Would you copy exactly the lines in the data below from the one that has "Image may contain: wall, modern and interior" through the one that has "25 Day Crescent", dropping any pictures?

### Record set
BEGIN
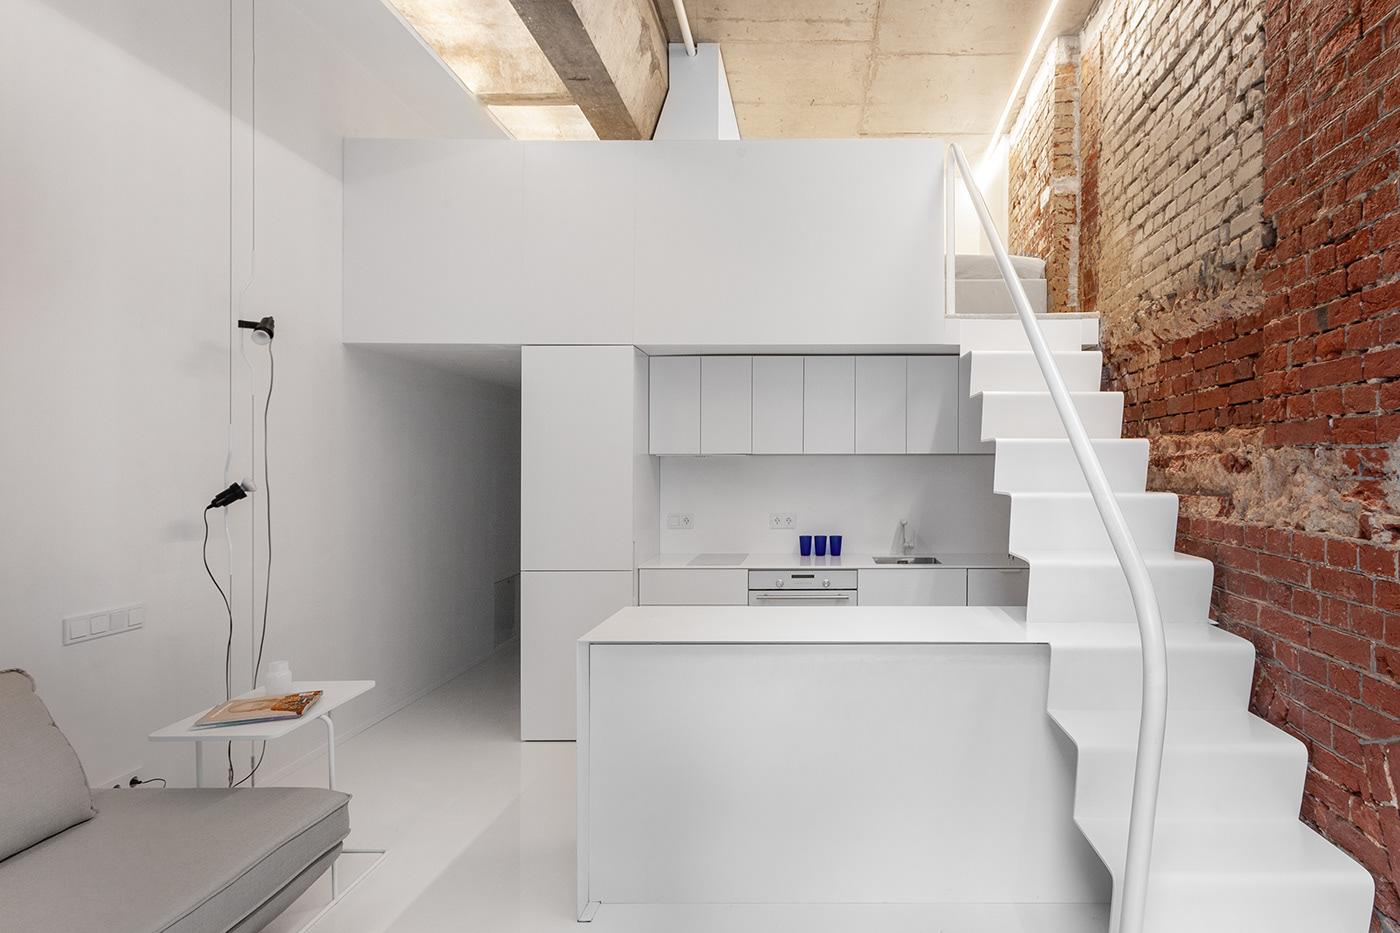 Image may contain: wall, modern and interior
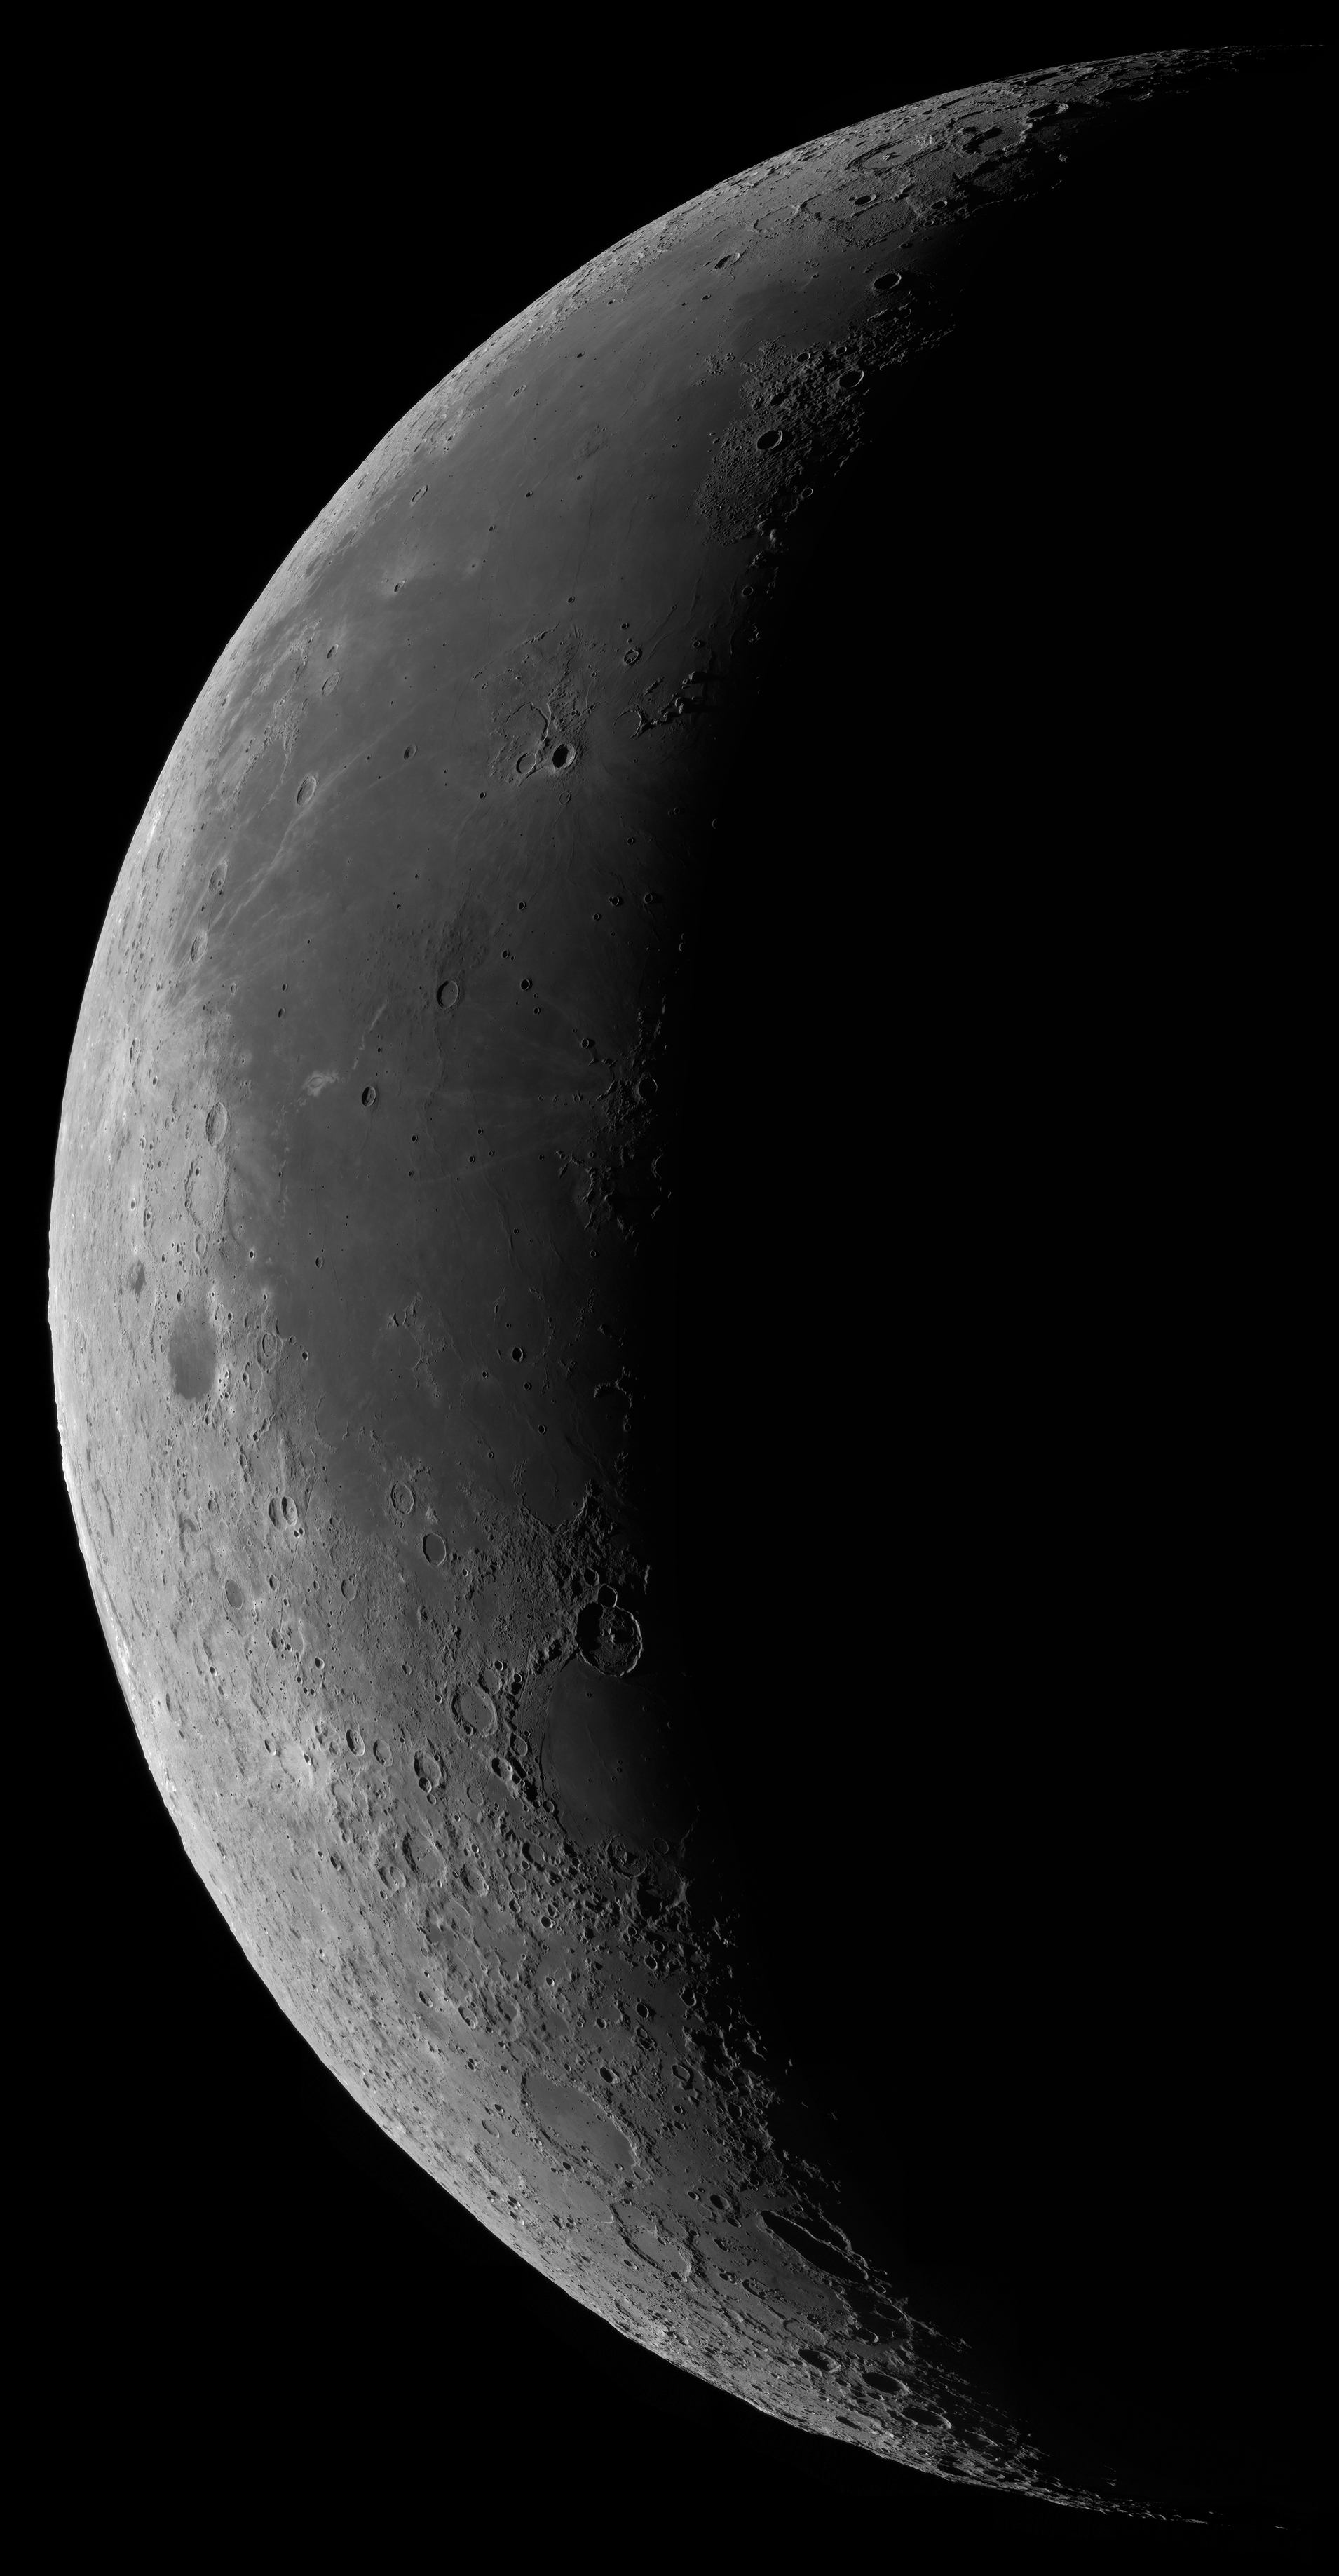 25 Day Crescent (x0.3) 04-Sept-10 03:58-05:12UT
END
BEGIN
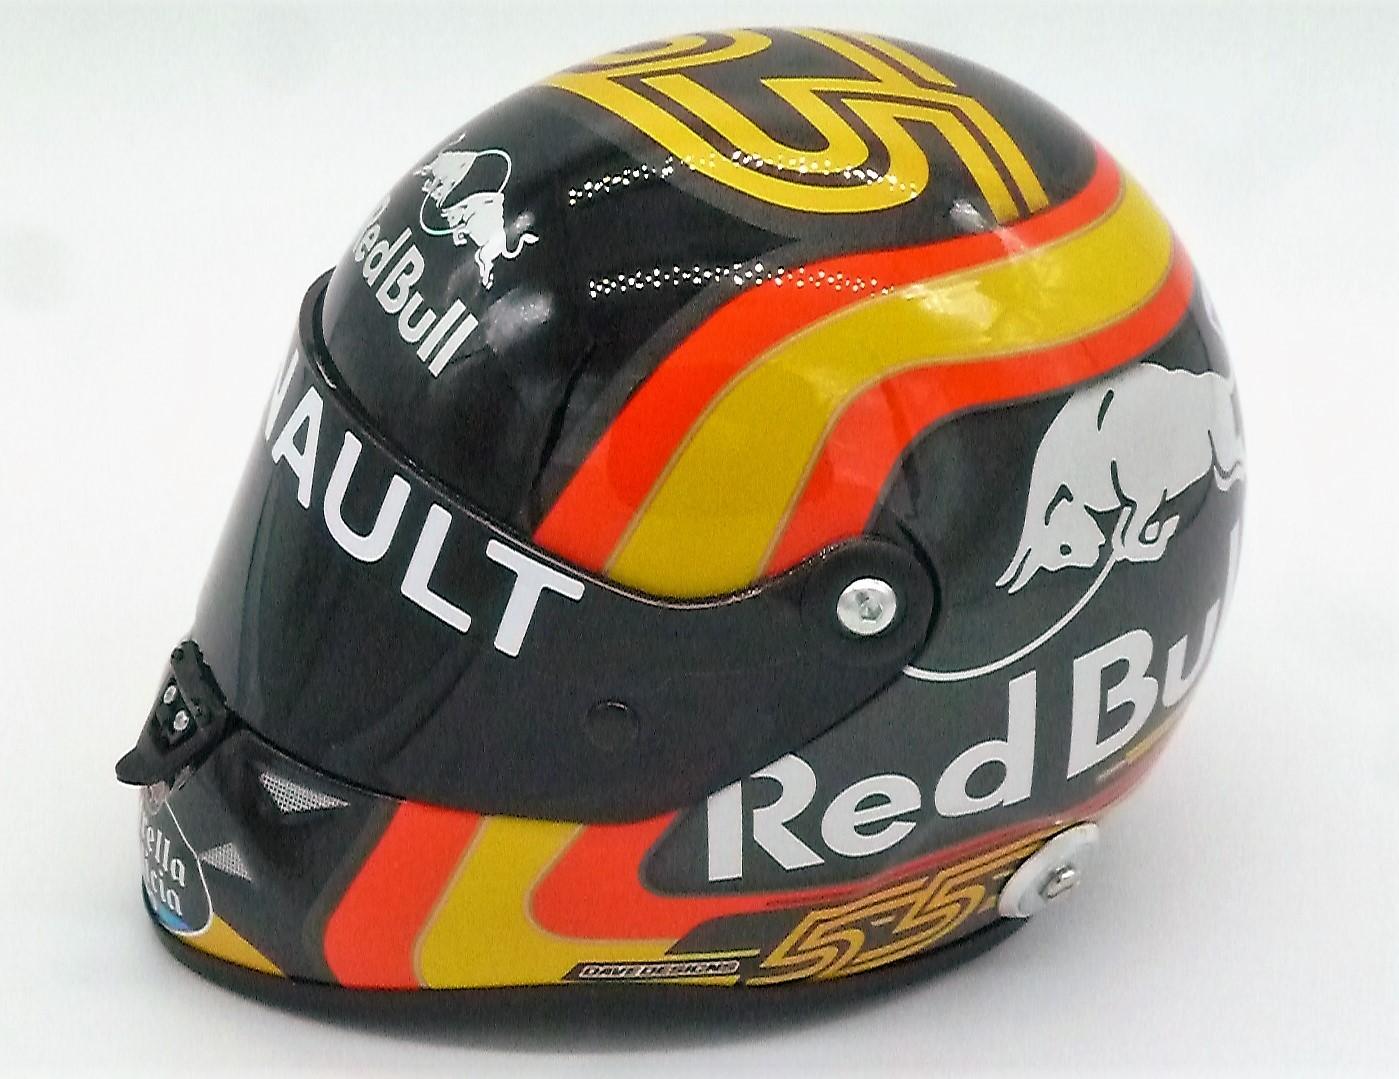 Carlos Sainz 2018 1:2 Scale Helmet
END
### The completed task
 Image may contain: wall, modern and interior
 25 Day Crescent (x0.3) 04-Sept-10 03:58-05:12UT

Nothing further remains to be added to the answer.